The boxplot visualisations reveal several important patterns in our ride-sharing data:
Driver Ratings (3.5-4.8):
- Most drivers maintain ratings between 4.0 and 4.7
- The median rating is approximately 4.3
- There are no significant low-rating outliers, suggesting consistent service quality
Trip Distance (2-50km):
- Most trips fall within 5-15km range
- There's a notable outlier at around 50km, representing unusually long journeys
- The distribution is right-skewed, typical for urban ride-sharing services
Fare Amount:
- The core fare range clusters between $20-40
- There's an extreme outlier near $120, likely corresponding to the long-distance trip
- The distribution shows expected correlation with trip distance
Fare per Kilometer:
- Most fares cluster tightly around $2.5 per km
- Several high outliers between $4-7 per km suggest premium pricing scenarios
- One low outlier below $1 per km might indicate a promotional fare
Estimated Duration:
- Typical rides last between 15-30 minutes
- The outlier at 100 minutes corresponds to the long-distance journey
- The distribution aligns with expected urban travel patterns
These patterns informed our decision to cap values at three standard deviations from the mean, preserving the overall data structure while managing extreme values appropriately.
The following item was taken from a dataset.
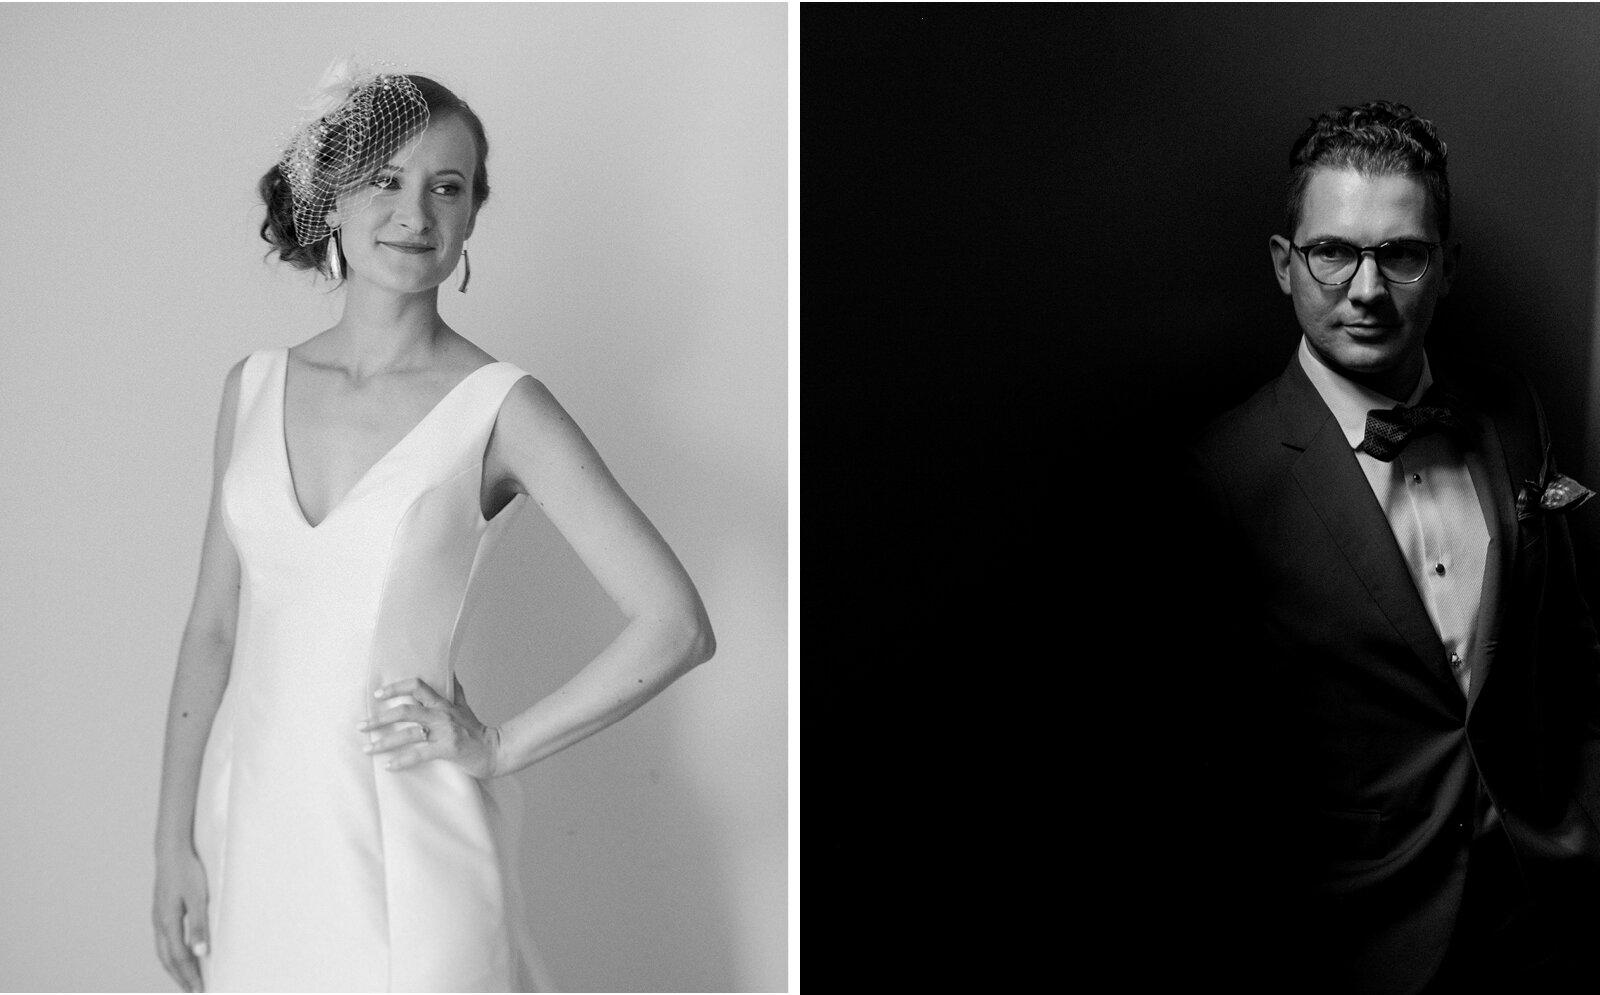 ottawa art gallery wedding portrait
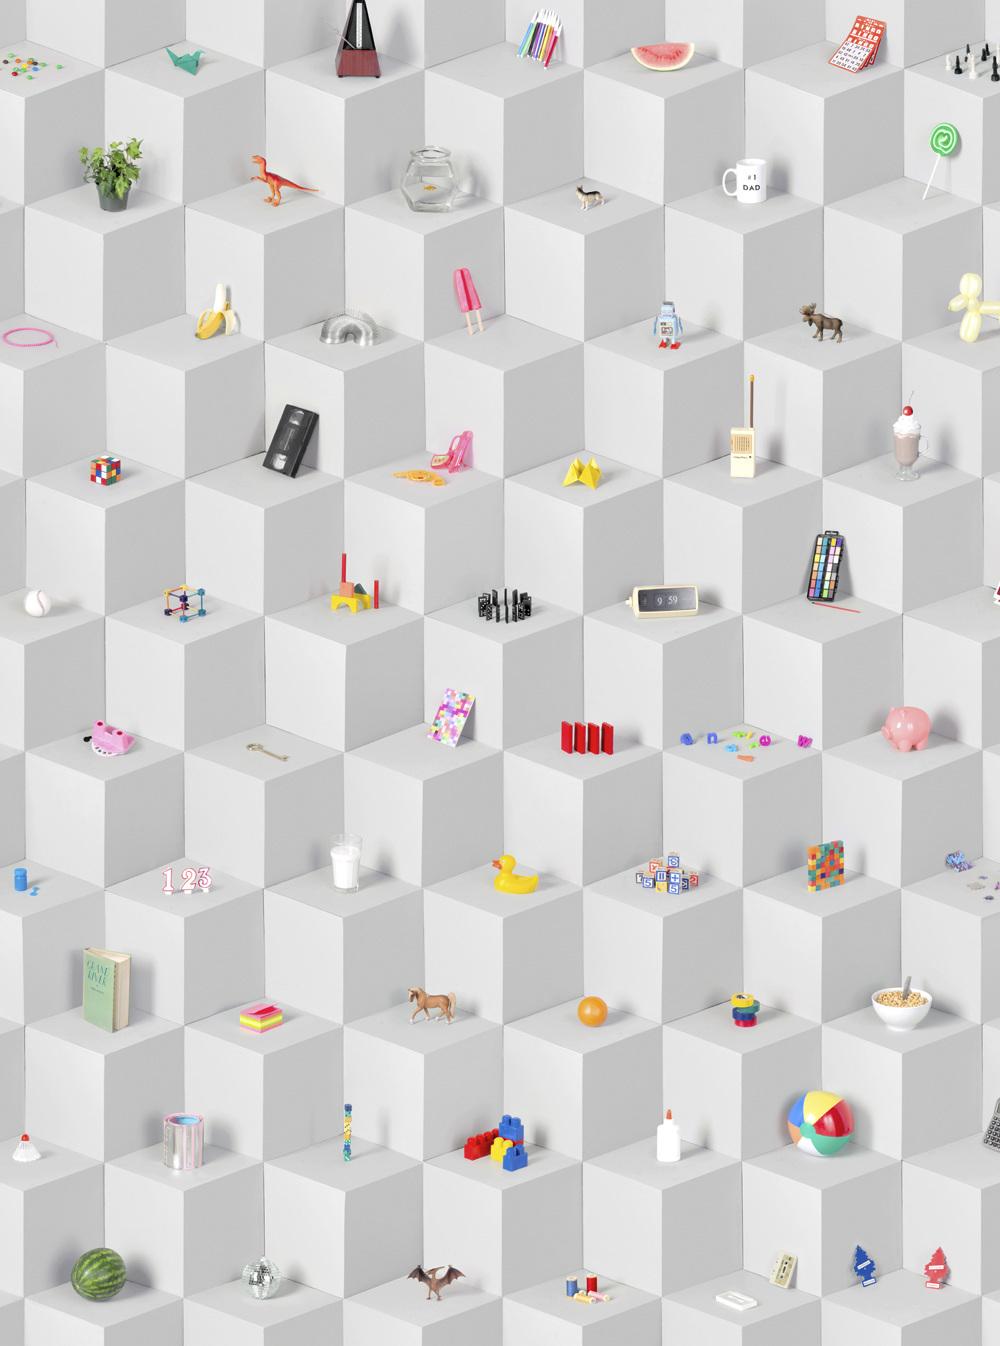 cubes_1000_1000.jpg

Detection Method | Variable | Number of Outliers |
---|---|---|
IQR Method | driver_rating | 0 |
trip_distance | 1 | |
fare_amount | 1 | |
fare_per_km | 12 | |
estimated_duration_mins | 1 | |
Z-Score > 3 | driver_rating | 0 |
trip_distance | 1 | |
fare_amount | 1 | |
fare_per_km | 1 | |
estimated_duration_mins | 1 |
Rows with extreme fare_amount or trip_distance:
ride_id | trip_distance | fare_amount | fare_per_km | |
---|---|---|---|---|
13 | 50.00 | 22.72 | 0.45 | |
68 | 19.82 | 150.00 | 7.57 |
Outliers after handling (IQR method):
Transform
I applied log transformations to fare-related and distance variables to address their right-skewed distributions. Here we chose the transformation log(x + 1) to handle potential zero values while improving the normality of the distributions. My comparison of original and transformed distributions demonstrated improved symmetry and reduced skewness, particularly in the fare and distance variables.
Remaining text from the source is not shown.